Audio source separation is the process of extracting a single sound (e.g. one violin) from a mixture of sounds (a string quartet). This is an ongoing research area in the lab. Source separation is the audio analog of scene segmentation in computer vision and is a foundational technology that improves or enables speech recogntion, sound object labeling, music transcription,hearing aids and other technologies. For further publications in this area, see our publications page.

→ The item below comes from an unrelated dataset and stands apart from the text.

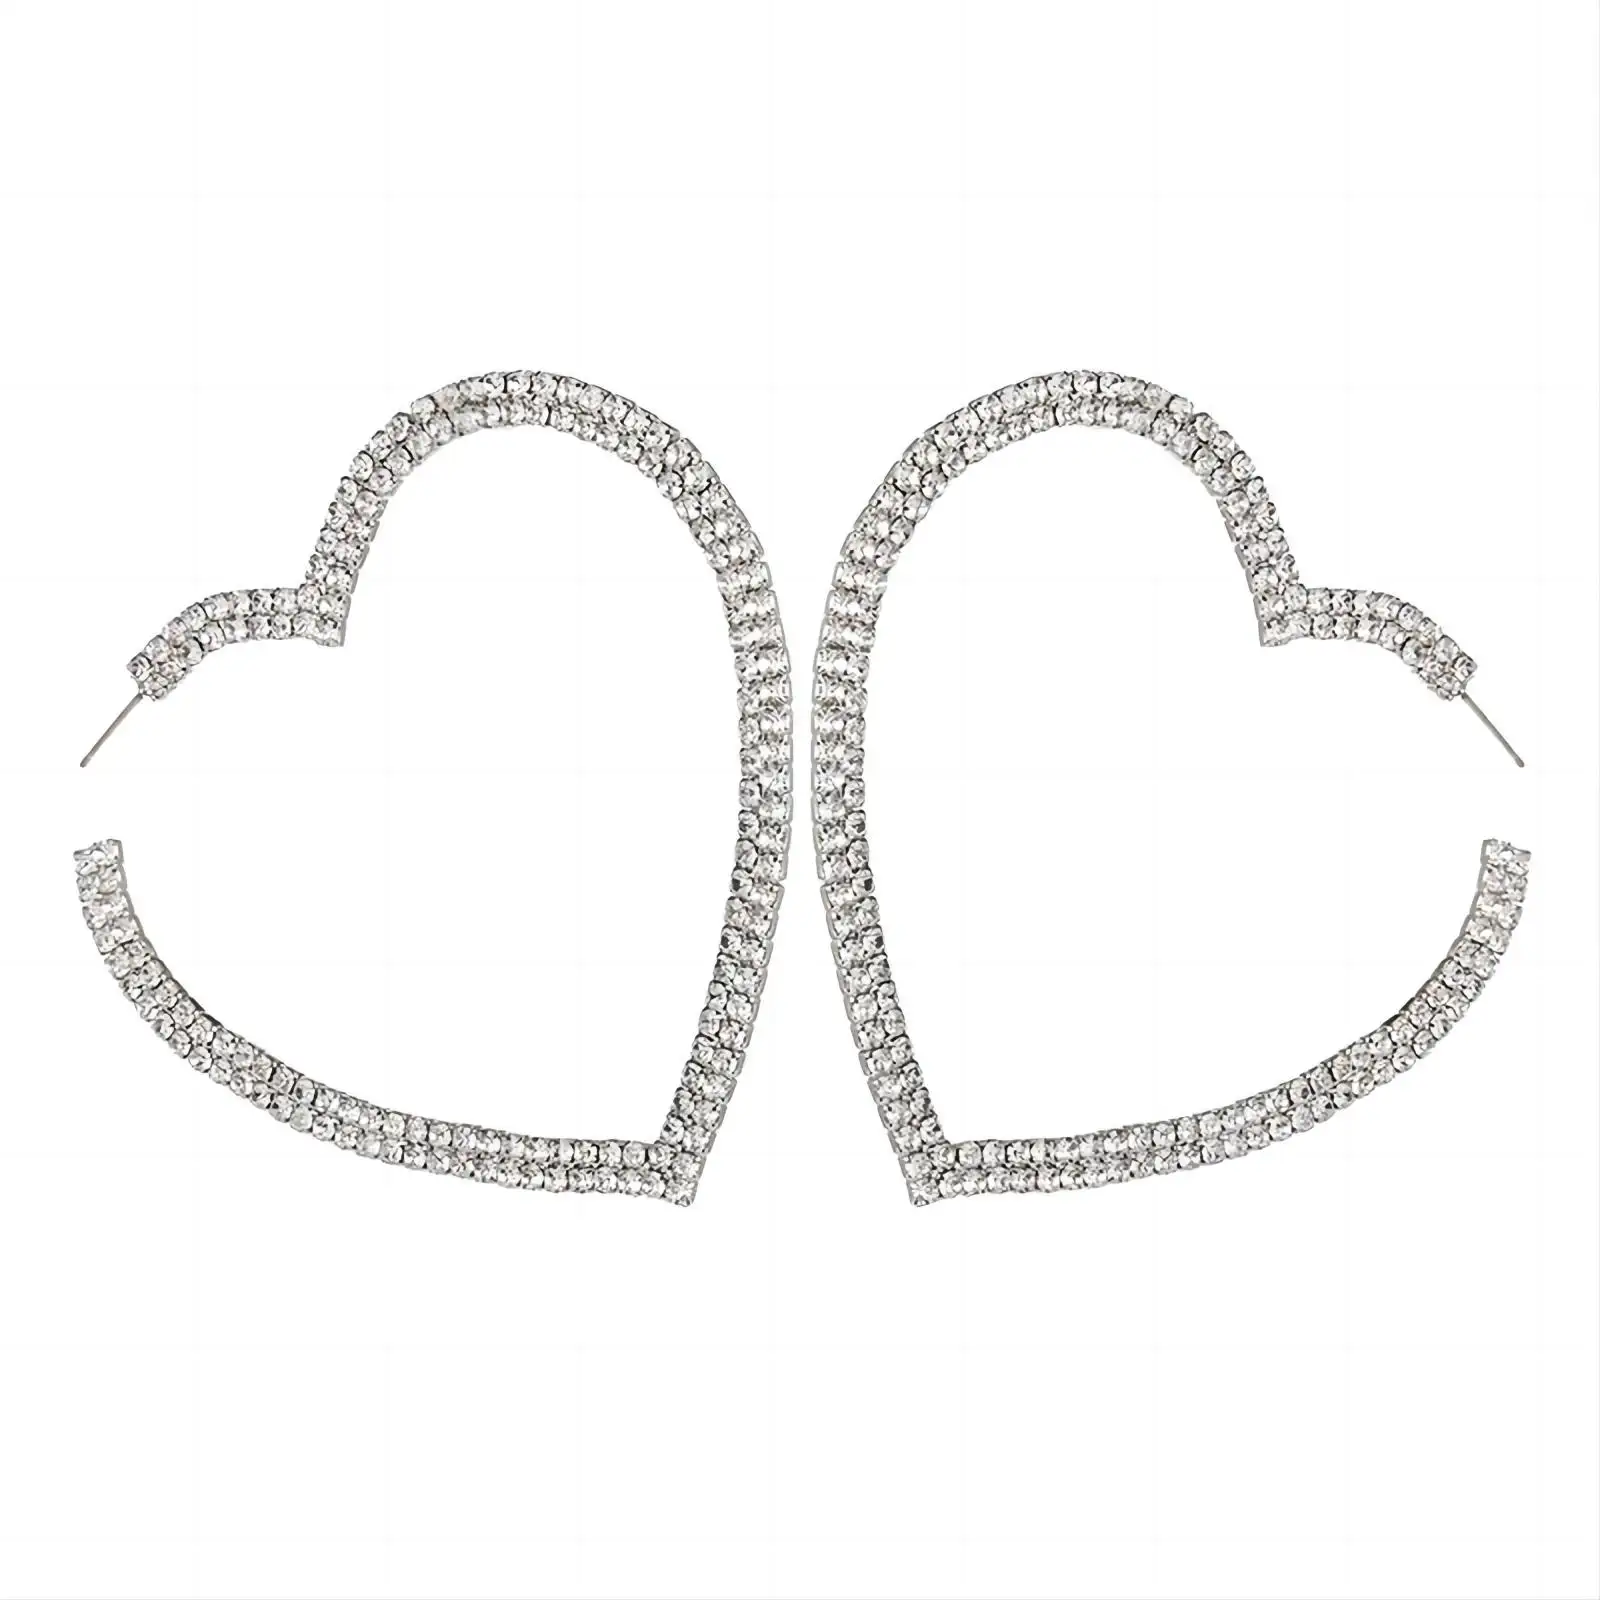 New 925 Sterling Silver Needle Heart Statement Earrings 18K Gold Plated Large Rhinestone Crystal Love Heart Earrings Jewelry

Content-addressable search through collections of many audio files (thousands) or lengthy audio files (hours) is an ongoing research area. In this work, we develop and apply cutting edge techniques in machine learning, signal processing and interface design. This is part of a collaboration with the University of Rochester AIR lab and is supported by the National Science Foundation. Representative recent projects in this area are below. For further publications in this area, see our publications page.

  • ISED logo


    Interactive Sound Event Detector (I-SED) is a human-in-the-loop interface for sound event annotation that helps users label sound events of interest within a lengthy recording quickly. The annotation is performed by a collaboration between a user and a machine.

  • Hierarchical Prototypical Networks

    Leveraging Hierarchical Structures for Few-Shot Musical Instrument Recognition

    In this work, we exploit hierarchical relationships between instruments in a few-shot learning setup to enable classification of a wider set of musical instruments, given a few examples at inference.

  • Voogle logo


    Voogle is an audio search engine that lets users search a database of sounds by vocally imitating or providing an example of the sound they are searching for.